漢方薬を用いた診療にも力を入れているそうですね。
はい。西洋医学に有効な治療があればよいのですが、それでもよくならない場合や西洋医学では有効な治療がない場合などには、漢方薬で次の一手を打つこともあります。もともと関西医科大学の学部生だった頃に東洋医学研究会に所属し、漢方薬の勉強をしていました。そのバックグラウンドもあり、医師になって数年たった頃から診療に漢方薬も取り入れるようになったんです。東洋医学は西洋医学とは診断の方法などが異なるため、少し取っつきにくいと感じる先生も多いのですが、私はたまたま学生時代に勉強していたので、始めてみたらなじみやすく、現在の診療にも活用しています。原因のわからないめまいや自律神経に関する不調などでお悩みの方などに処方することもあります。
心身の不調があれば気軽に相談を
先生は文系大学卒業後に医学部に入られたそうですね。
はい。高校卒業後、一度は文系大学に入学して社会学について学んでいたのですが、勉強しているうちに人と関わる仕事がしたいと思うようになり、医療関係の職業に興味を持つようになりました。初めはカウンセラーや臨床心理士なども検討したのですが、チーム医療のリーダーとして患者さんとより深く関われる「医師」の仕事に憧れを持ち、大学卒業後2年半ほど勉強して医学部へ入学しました。受験勉強含め、勉強はとても大変でしたが、今こうして医師としてさまざまな患者さんと関われるようになり、頑張って良かったと思っています。
今後の展望についてお聞かせください。
開業からまだ半年程度なので、しばらくは地域の方々に認知していただけるよう、日頃の診療を丁寧に行いながら、一般の方向けの勉強会なども力を入れていきたいですね。実は、すでに何度か地域自治体の方向けの高血圧などに関する講演会を実施しました。
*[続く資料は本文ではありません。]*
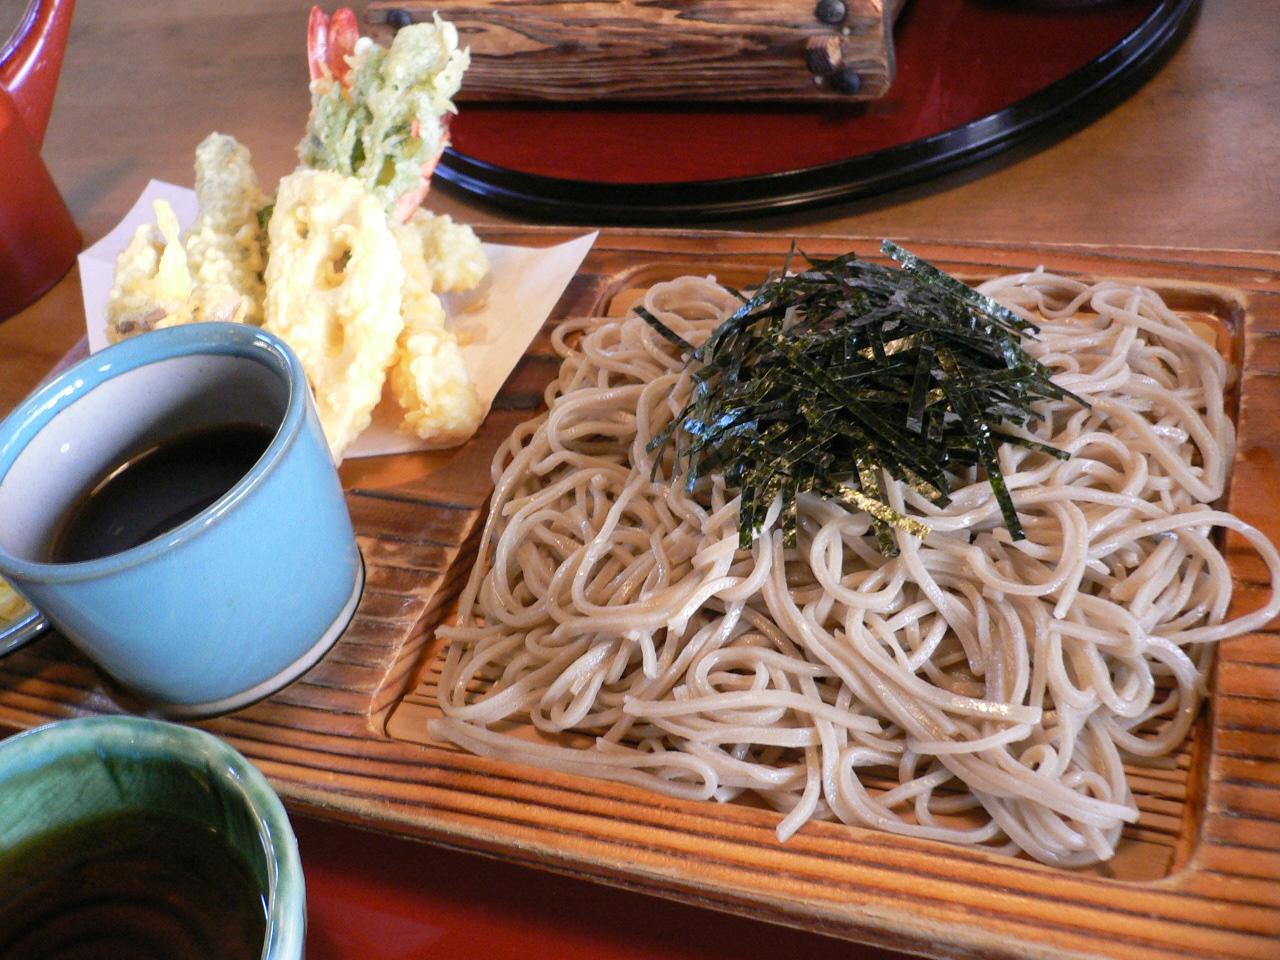 Shinshu_soba,_ten_zaru_by_hirotomo_in_Suwa,_Nagano.jpg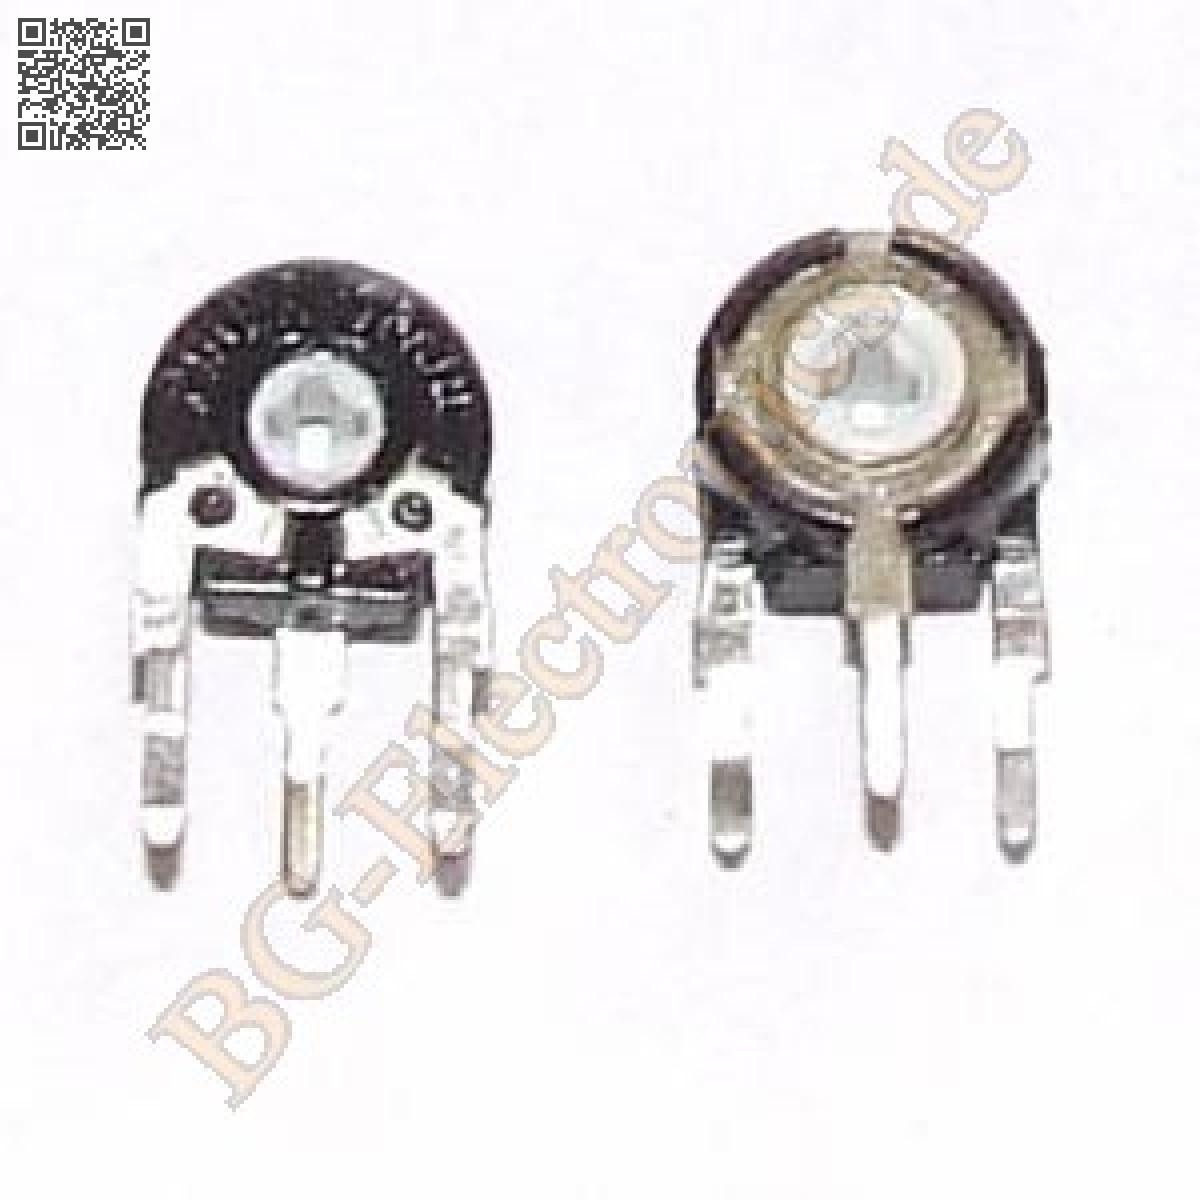 Lm380n Bg Electronics Lm380 25 Watt Amplifier Trimmer 22 K Stehend Piher

実際にこのような講演会を実施してみると、参加者も多く、質疑応答も非常に盛り上がるので、地域の方々の健康に対する関心の高さが伺えてうれしいです。これからもこのような取り組みは続けていきたいですね。
最後に読者へのメッセージをお願いいたします。
心や体に不調を感じた時は、放置せずに当クリニックを受診してほしいです。中には「どの診療科を受診すればよいかわからない」など、受診を悩んでしまう方もいるかと思いますが、来ていただければ、医師が判断して適切な治療、あるいは適切な診療科の受診を提案いたしますので、まず相談していただけるとうれしいです。また当クリニックでは、健康診断や予防接種なども各種行っていますので、健康を守るためにさまざまな用途で活用いただければ幸いです。